Data for this task ::
# # # # #

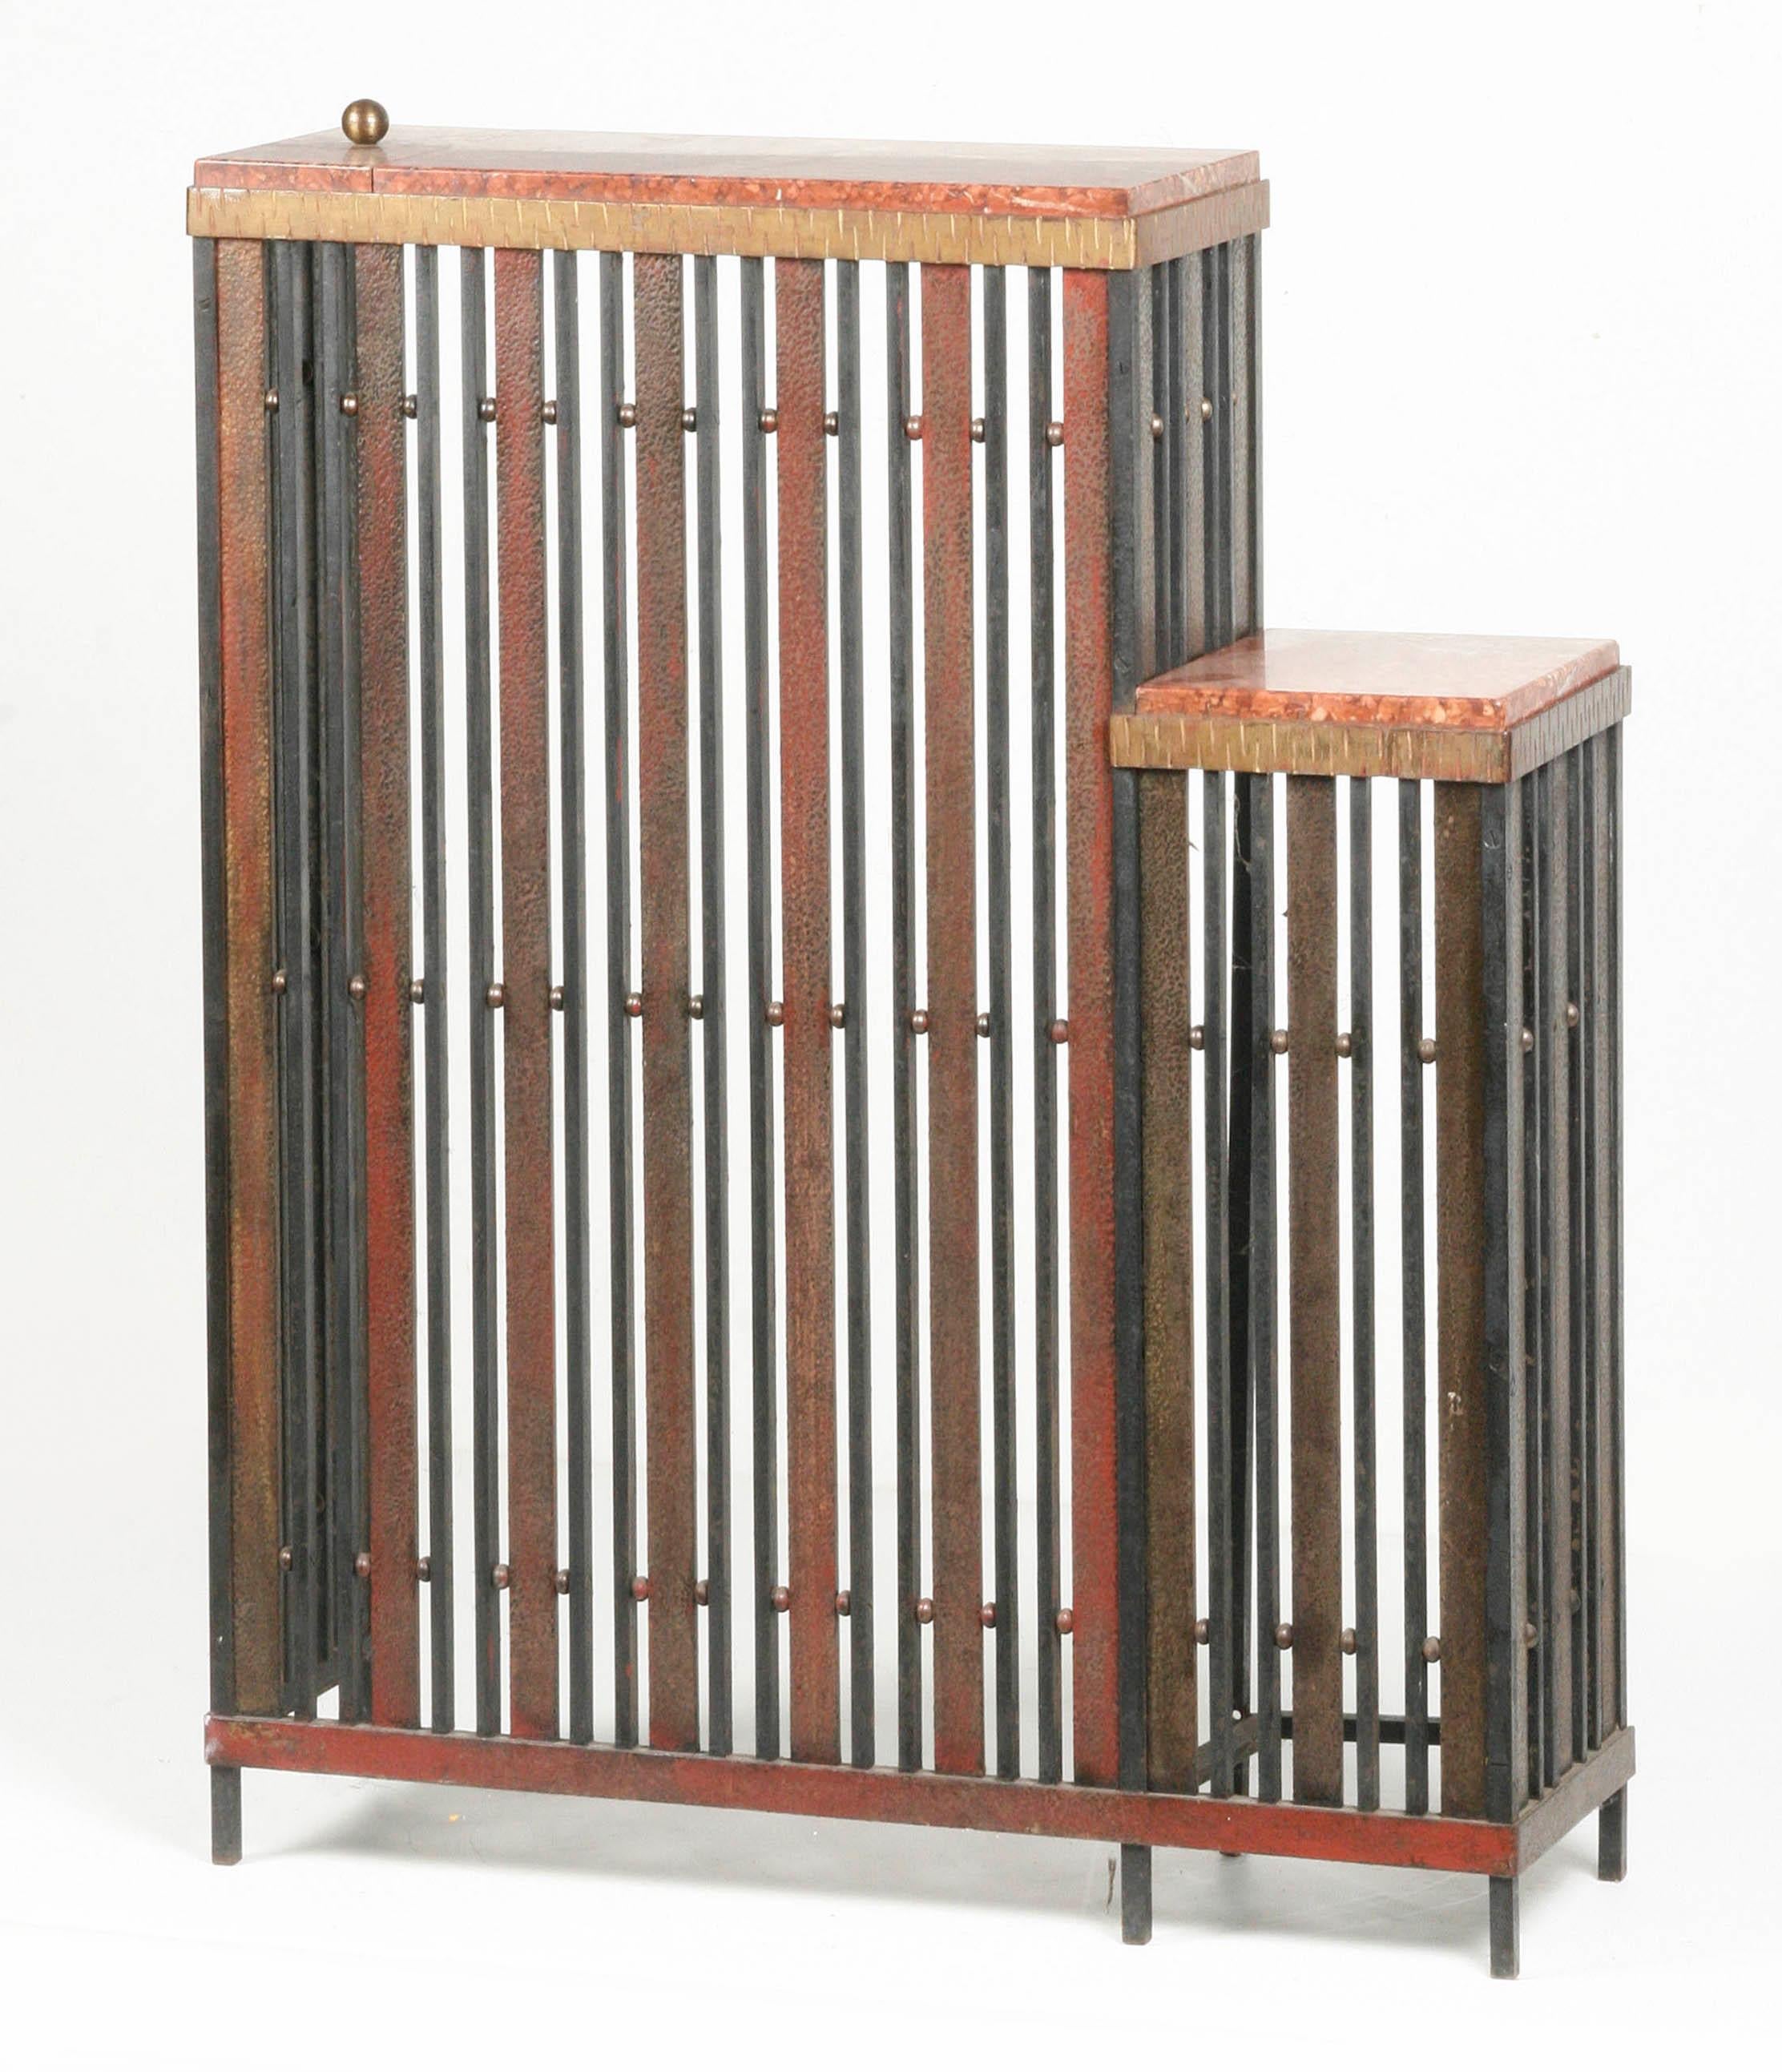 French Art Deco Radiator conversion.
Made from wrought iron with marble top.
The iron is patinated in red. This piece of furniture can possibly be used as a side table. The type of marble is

# # # # #

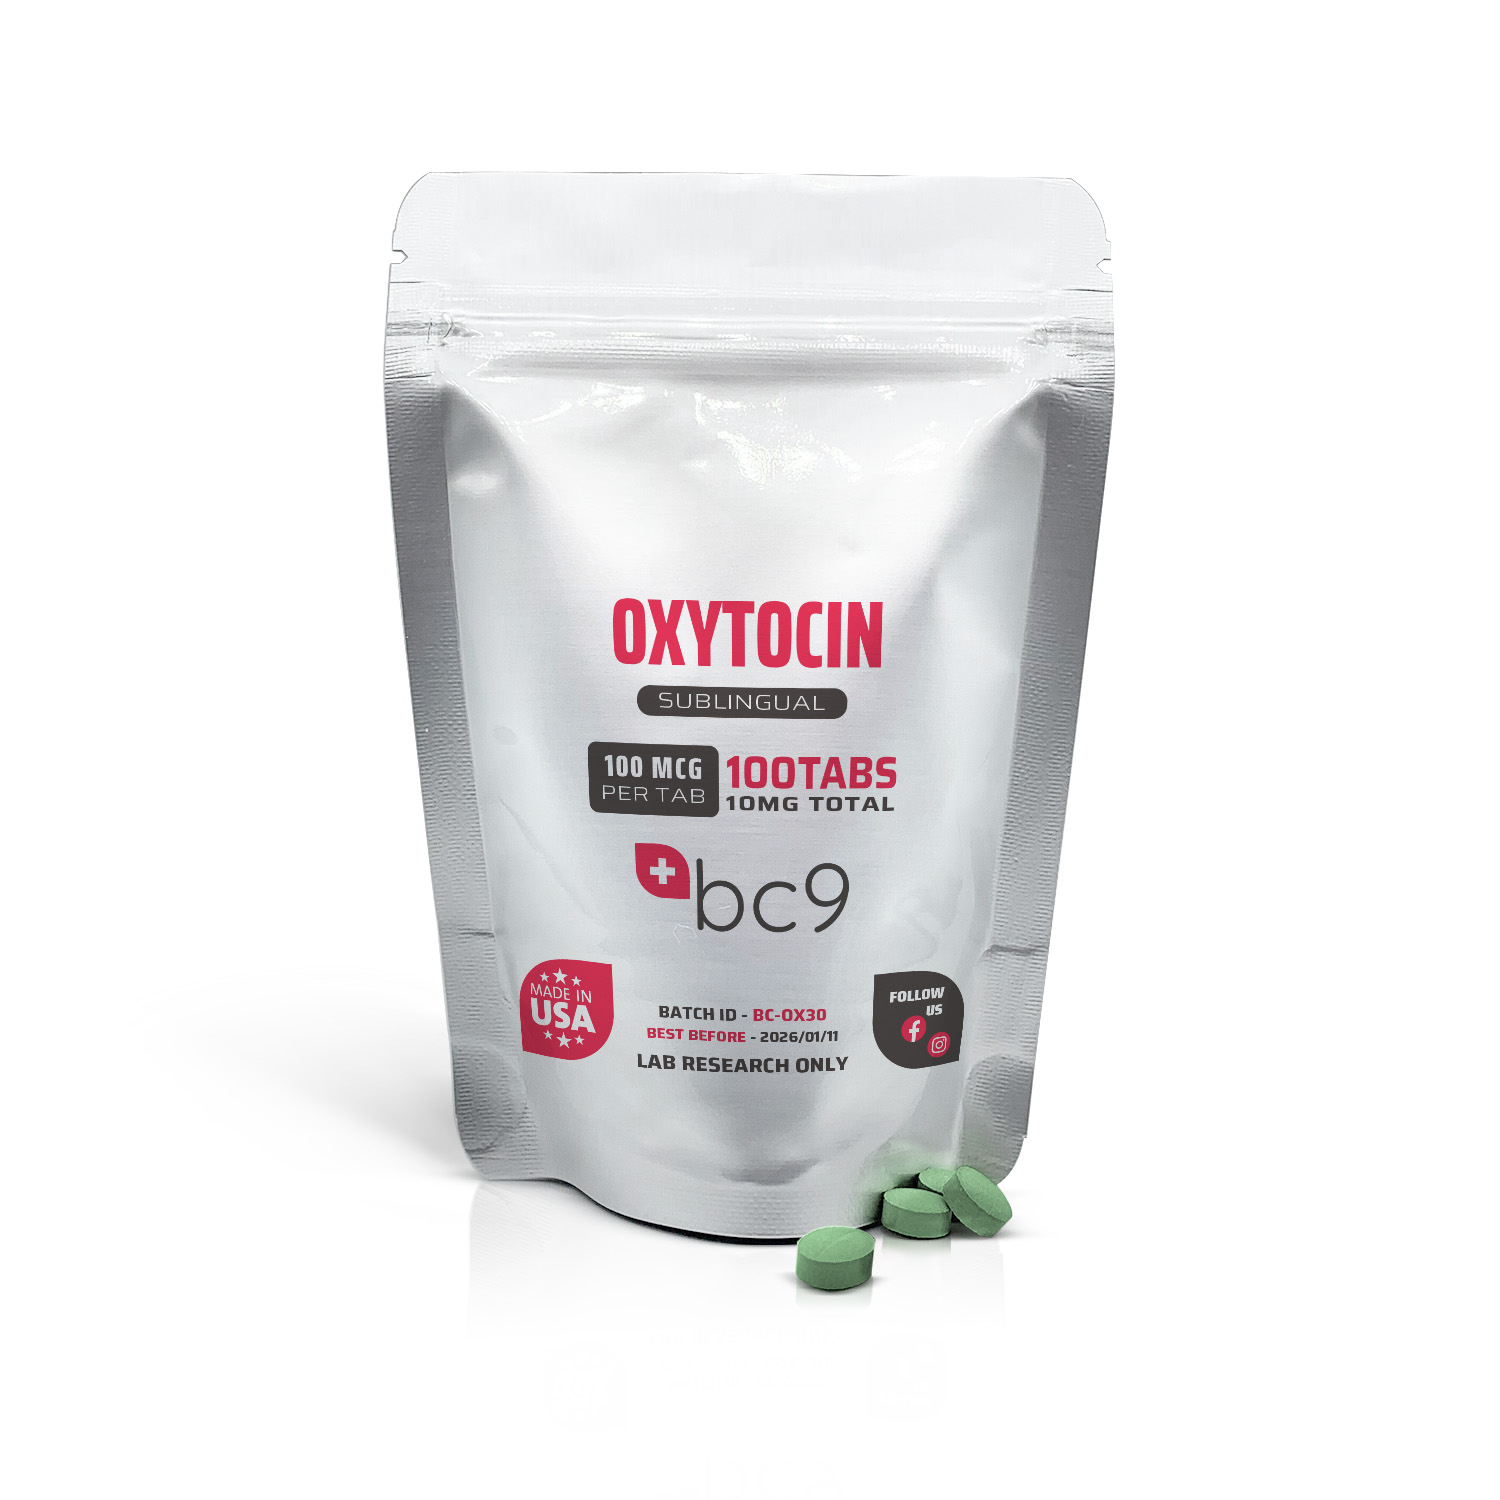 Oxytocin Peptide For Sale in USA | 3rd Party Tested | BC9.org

# # # # #

Required work :: Exactly the lines starting at the one above with "French Art Deco Radiator conversion." and ending at the one with "The iron is" should be printed, and nothing else. Omit the pictures.

Response below ::
 French Art Deco Radiator conversion.
Made from wrought iron with marble top.
The iron is patinated in red. This piece of furniture can possibly be used as a side table. The type of marble is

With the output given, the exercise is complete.